After deciding to wear her new purchase of the green dress and carry her other purchases of a brown-and-camel-striped silk day dress with all the necessary accessories—including a black wig with a straight-cut fringe and hair that hung down her back that she thought would work with her laundry girl disguise. After quickly plaiting the wig into a long queue, Julie had her Salvationist dress wrapped in brown paper along with her new day dress and accessories, then placed her new green bonnet on her head and her old gray bonnet and black wig in a hatbox. She glanced out the front window and saw the San Francisco city constable leaning against the post of a gas street lamp surveying the boardwalk up and down and across the street, watching the late-afternoon shoppers. With her heart racing, Julie gathered her belongings and hurried into the nearest hansom cab.

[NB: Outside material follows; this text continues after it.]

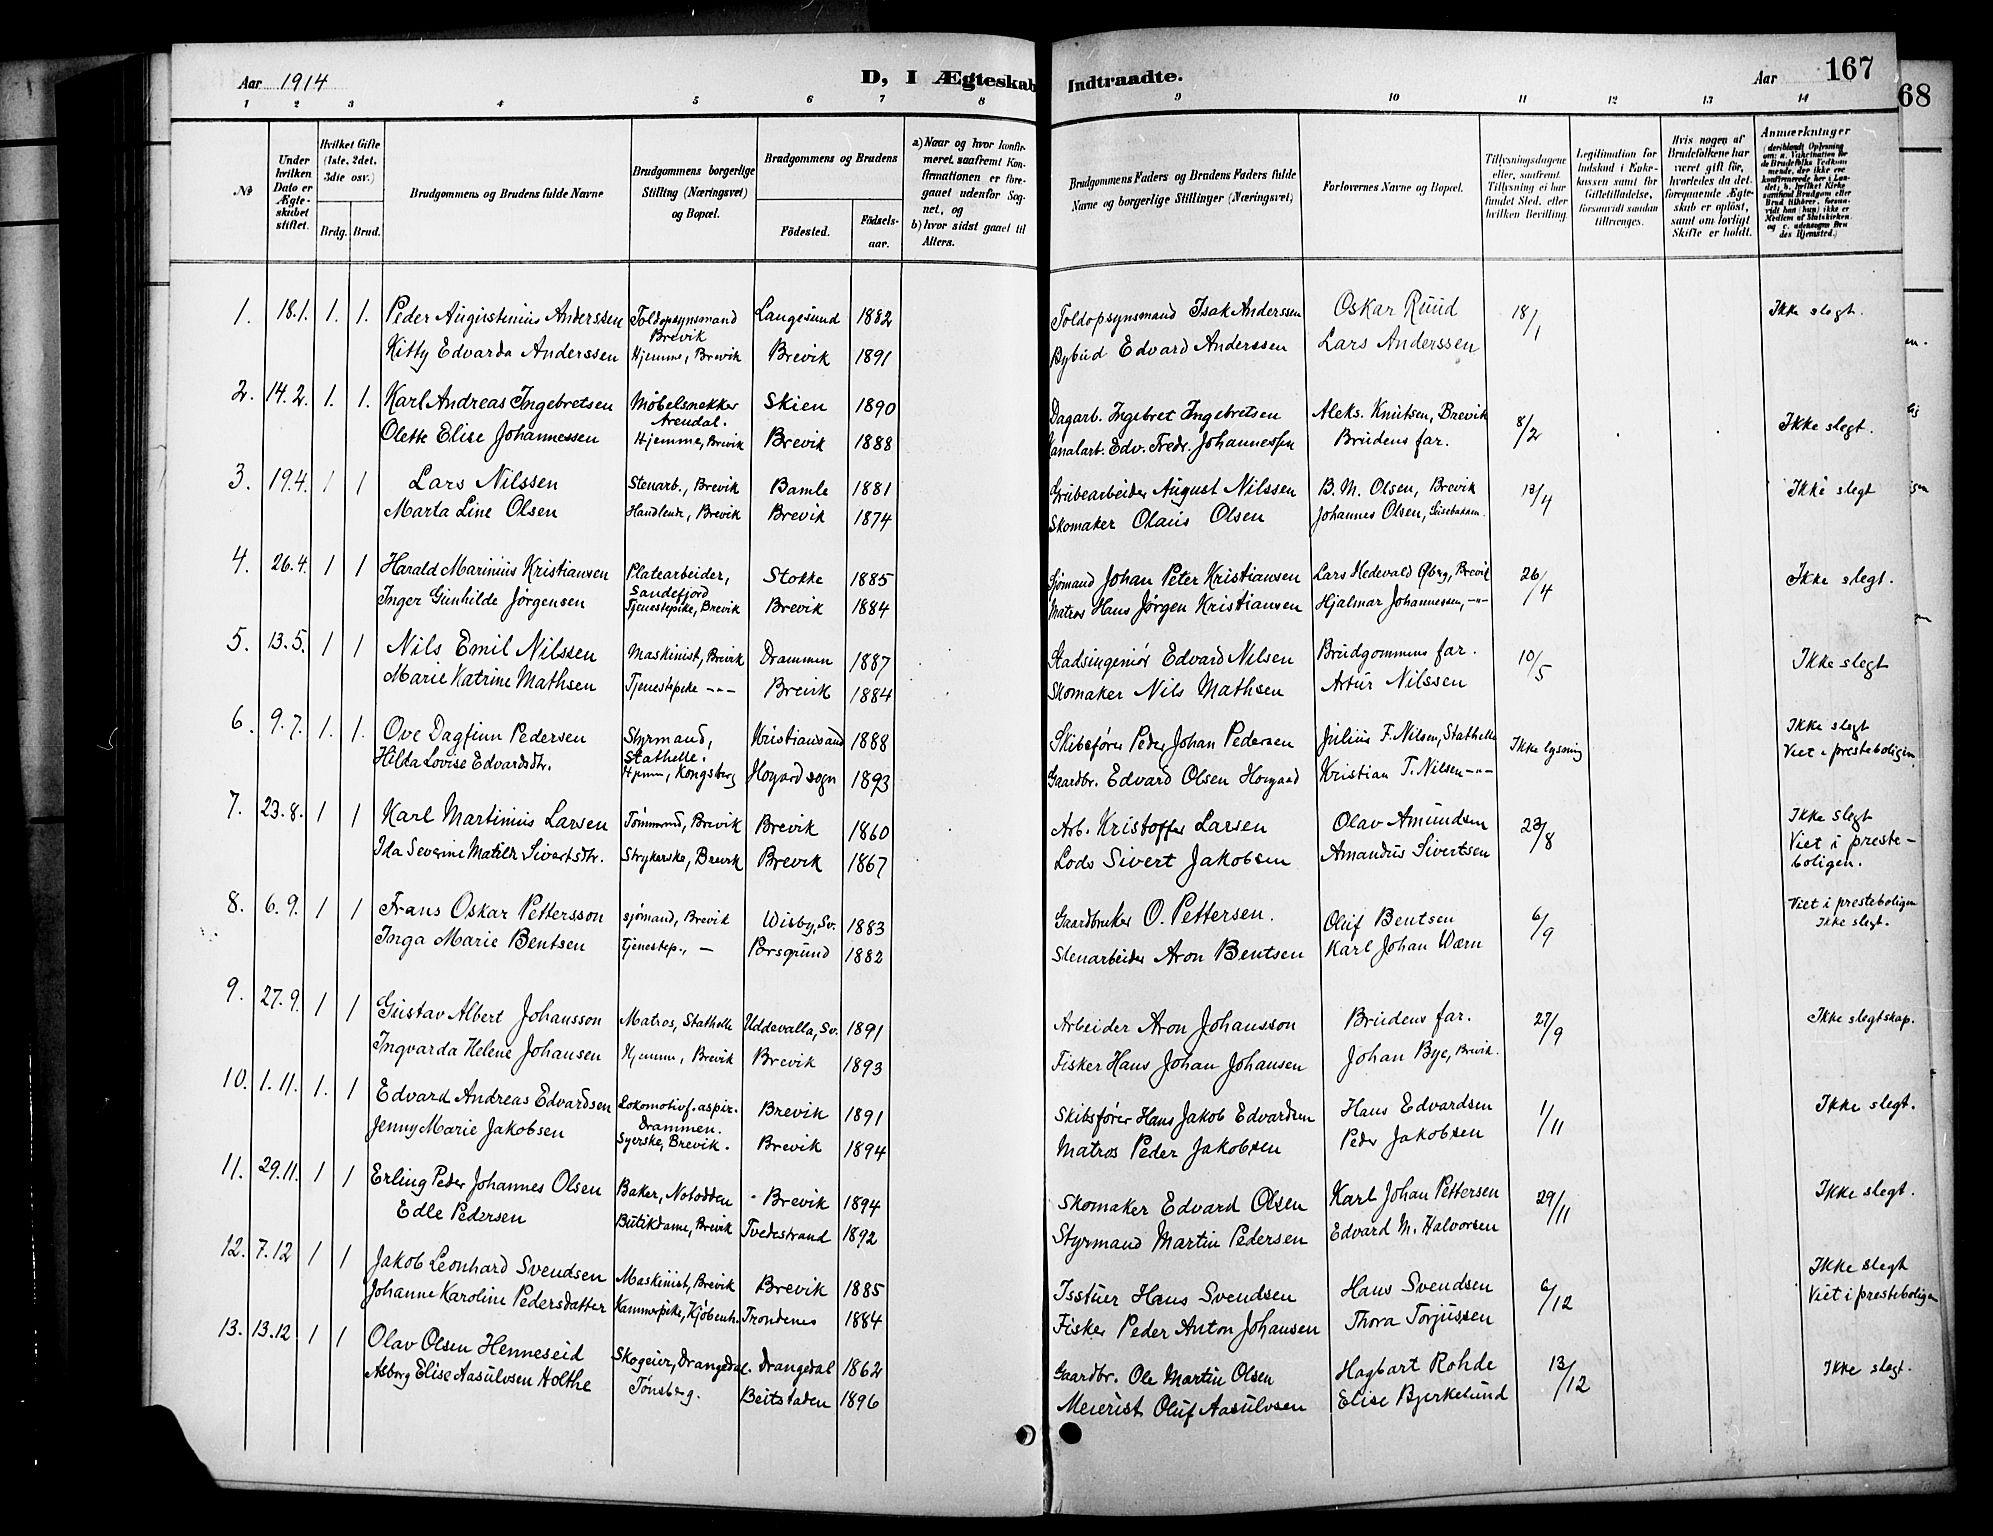 SAKO, Brevik kirkebøker, G/Ga/L0005: Klokkerbok nr. 5, 1901-1924, s. 167

“The Russ House Hotel, please,” she directed.
“Miss, the Russ House Hotel is two doors down,” the driver told her. “It’s hardly worth a fare when you can walk it.”
“I have purchases,” Julie answered. “I prefer to ride. And I’ll double your fare.”
The driver heaved a put-upon sigh. “It’s your dollar.”
Clucking to his horse, the driver pulled out into traffic and drove Julie ten or so feet to the front door of the hotel. He parked his cab in line behind three or four others and waited for the hotel doorman to open the door for his passenger.
Scooping her packages into her arms, Julie leaned forward in order to exit the cab. Through the window in the door she saw the doorman conversing with the city policeman who had followed her from Mission Street, and quickly called out to the driver, “Driver, I just remembered I’ve other errands to run.”